WebQSP is a dataset that is based off of a subset of the Freebase Knowledge Graph, which is an open-source knowledge graph formerly maintained by Google. For each question-answer pair in the dataset, a subgraph was chosen based on a Semantic SPARQL search on the larger knowledge graph, to provide relevent context on finding the answer. So each entry in the dataset consists of:
- A question to be answered
- The answer
- A knowledge graph subgraph of Freebase that has the context needed to answer the question.

In [2]:
ds.raw_dataset

Dataset({
    features: ['id', 'question', 'answer', 'q_entity', 'a_entity', 'graph', 'choices'],
    num_rows: 100
})

In [3]:
ds.raw_dataset[0]

{'id': 'WebQTrn-0',
 'question': 'what is the name of justin bieber brother',
 'answer': ['Jaxon Bieber'],
 'q_entity': ['Justin Bieber'],
 'a_entity': ['Jaxon Bieber'],
 'graph': [['P!nk', 'freebase.valuenotation.is_reviewed', 'Gender'],
  ['1Club.FM: Power', 'broadcast.content.artist', 'P!nk'],
  ['Somebody to Love', 'music.recording.contributions', 'm.0rqp4h0'],
  ['Rudolph Valentino',
   'freebase.valuenotation.is_reviewed',
   'Place of birth'],
  ['Ice Cube', 'broadcast.artist.content', '.977 The Hits Channel'],
  ['Colbie Caillat', 'broadcast.artist.content', 'Hot Wired Radio'],
  ['Stephen Melton', 'people.person.nationality', 'United States of America'],
  ['Record producer',
   'music.performance_role.regular_performances',
   'm.012m1vf1'],
  ['Justin Bieber', 'award.award_winner.awards_won', 'm.0yrkc0l'],
  ['1.FM Top 40', 'broadcast.content.artist', 'Geri Halliwell'],
  ['2011 Teen Choice Awards',
   'award.award_ceremony.awards_presented',
   'm.0yrkr34'],
  ['m.012bm2v1'

Although this dataset can be trained on as-is, a couple problems emerge from doing so:
1. A retrieval algorithm needs to be implemented and executed during inference time, that might not appropriately correspond to the algorithm that was used to generate the dataset subgraphs.
2. The dataset as is not stored computationally efficiently, as there will exist many duplicate nodes and edges that are shared between the questions.
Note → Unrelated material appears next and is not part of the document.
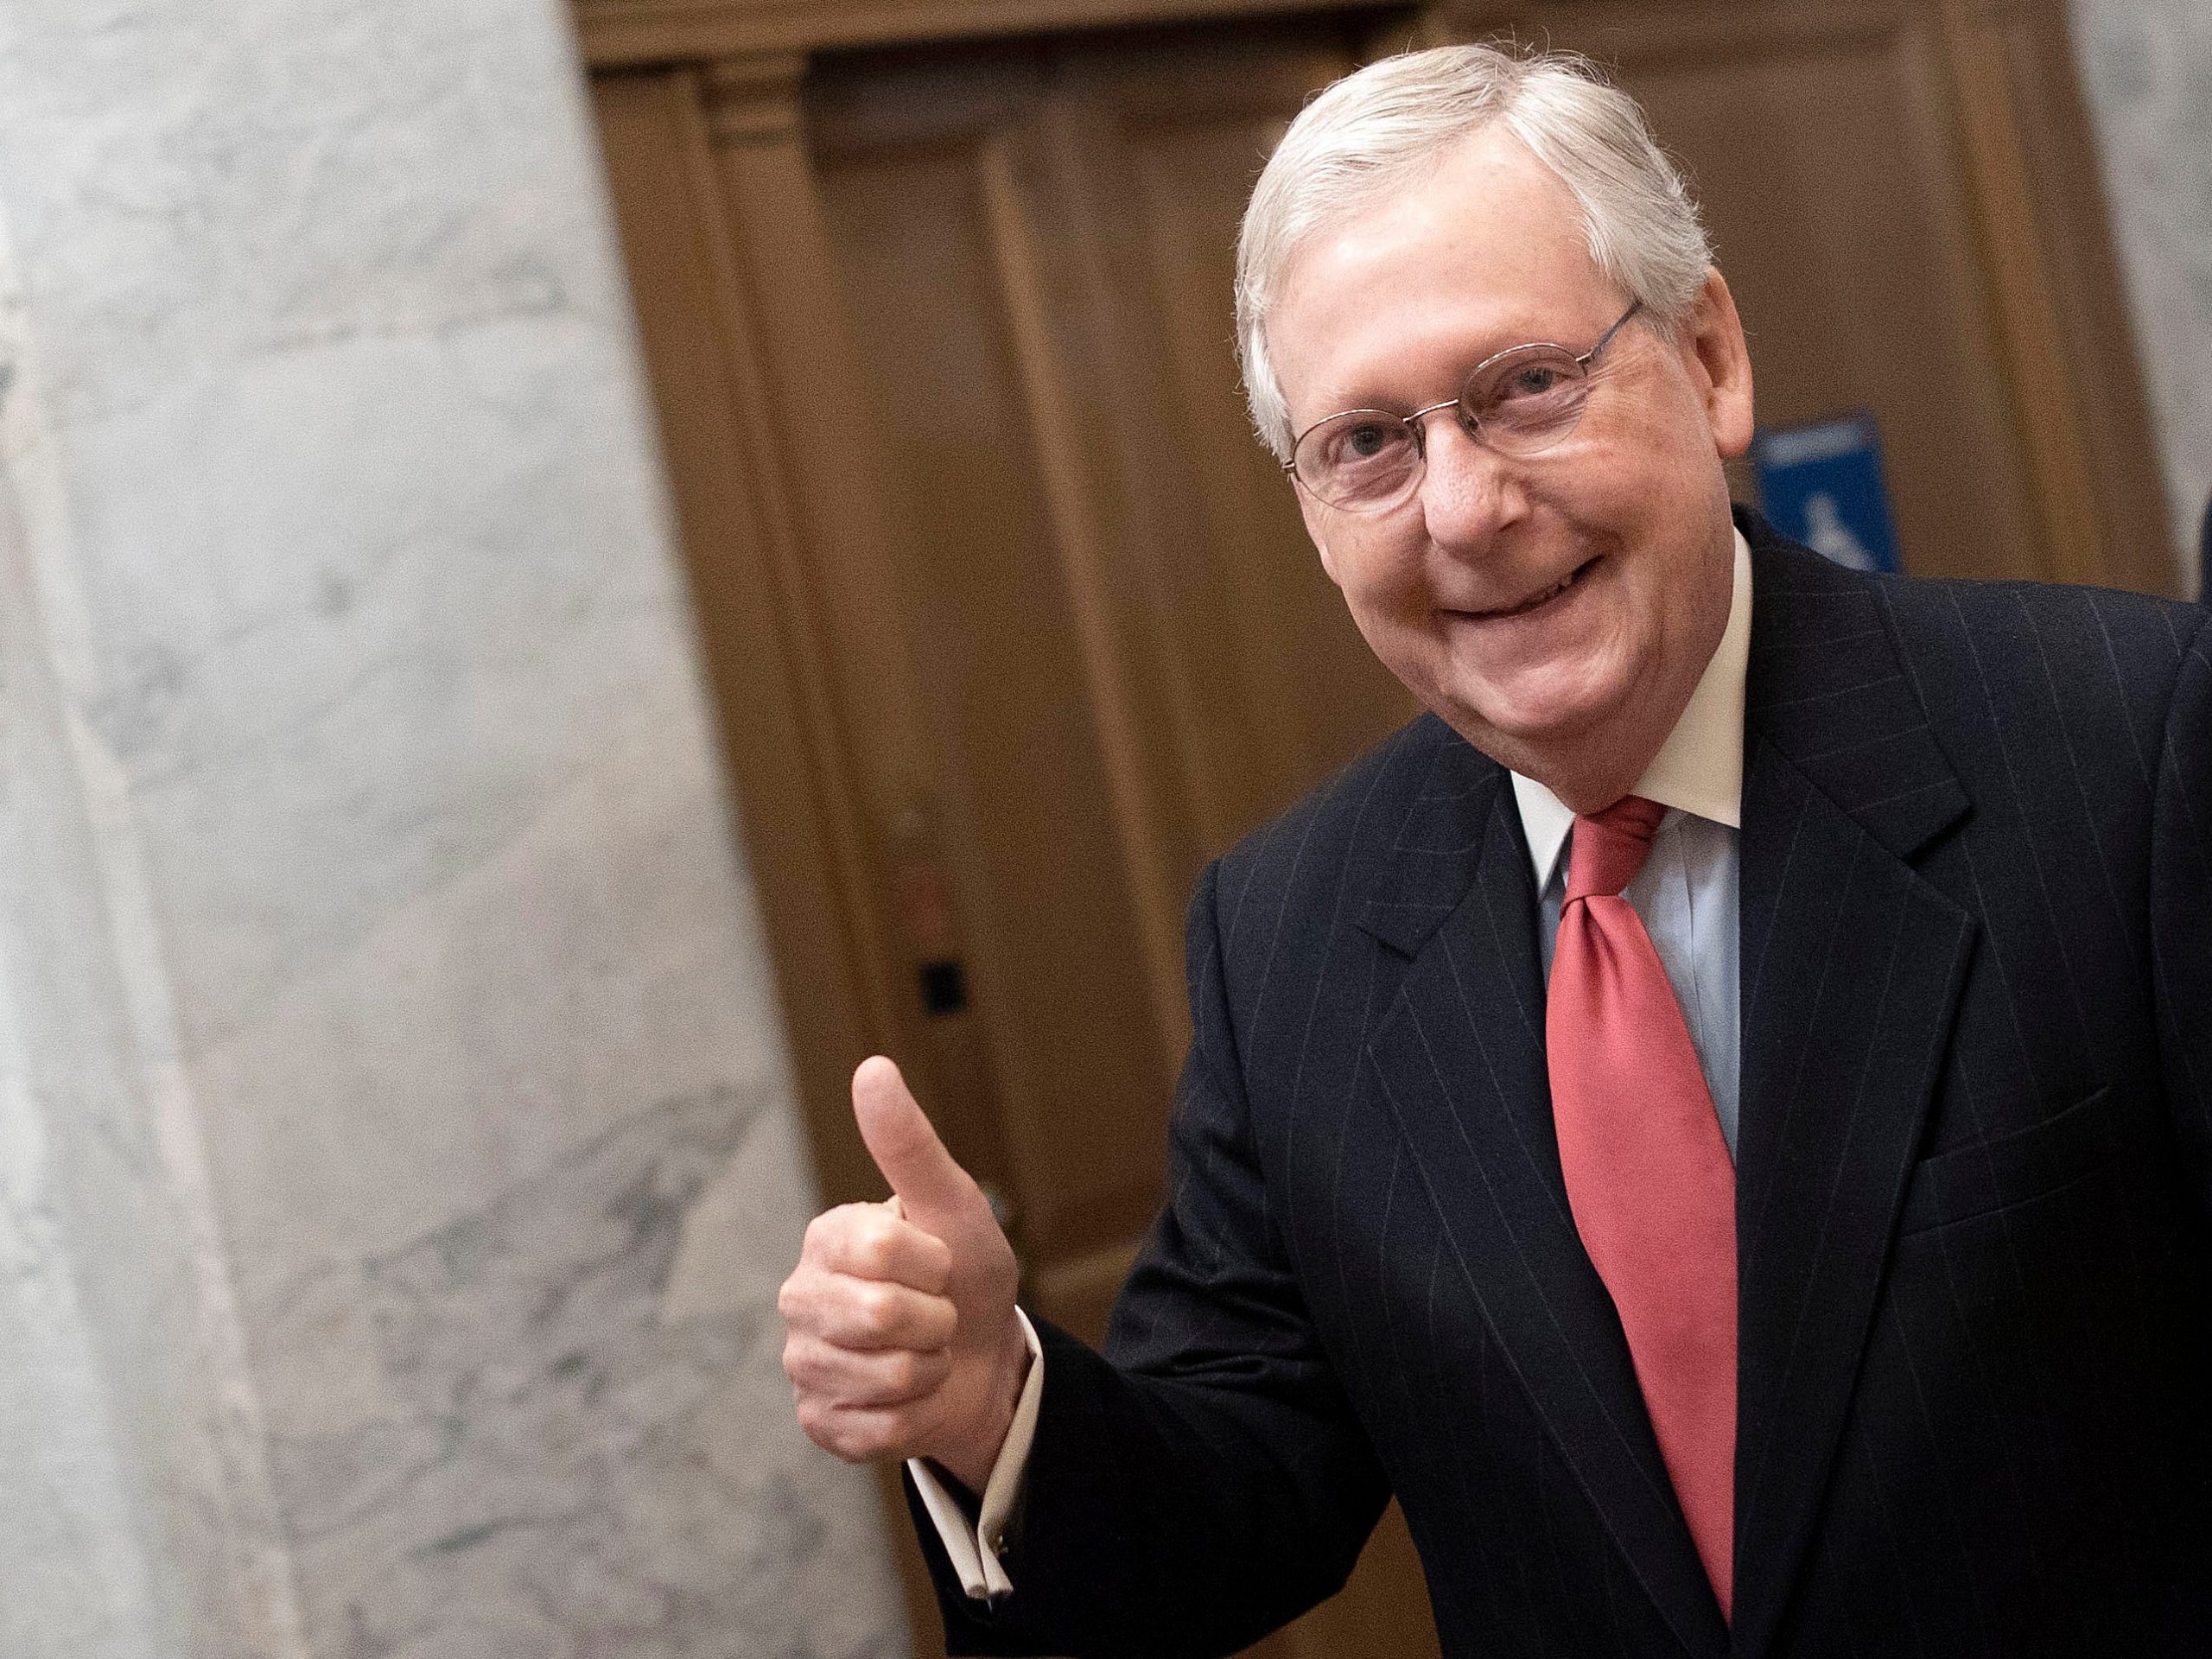 U.S. Senate Majority Leader Mitch McConnell (R-KY) gives a thumbs up sign as he arrives at the U.S. Capitol on March 25, 2020 in Washington, DC.

As a result, it makes sense in this scenario to be able to encode all the entries into a large knowledge graph, so that duplicate nodes and edges can be avoided, and so that alternative retrieval algorithms can be tried. We can do this with the LargeGraphIndexer class:

In [4]:
from torch_geometric.data import LargeGraphIndexer, Data, get_features_for_triplets_groups
from torch_geometric.nn.nlp import SentenceTransformer
import time
import torch
import tqdm
from itertools import chain
import networkx as nx

In [13]:
raw_dataset_graphs = [[tuple(trip) for trip in graph] for graph in ds.raw_dataset['graph']]
print(raw_dataset_graphs[0][:10])

[('P!nk', 'freebase.valuenotation.is_reviewed', 'Gender'), ('1Club.FM: Power', 'broadcast.content.artist', 'P!nk'), ('Somebody to Love', 'music.recording.contributions', 'm.0rqp4h0'), ('Rudolph Valentino', 'freebase.valuenotation.is_reviewed', 'Place of birth'), ('Ice Cube', 'broadcast.artist.content', '.977 The Hits Channel'), ('Colbie Caillat', 'broadcast.artist.content', 'Hot Wired Radio'), ('Stephen Melton', 'people.person.nationality', 'United States of America'), ('Record producer', 'music.performance_role.regular_performances', 'm.012m1vf1'), ('Justin Bieber', 'award.award_winner.awards_won', 'm.0yrkc0l'), ('1.FM Top 40', 'broadcast.content.artist', 'Geri Halliwell')]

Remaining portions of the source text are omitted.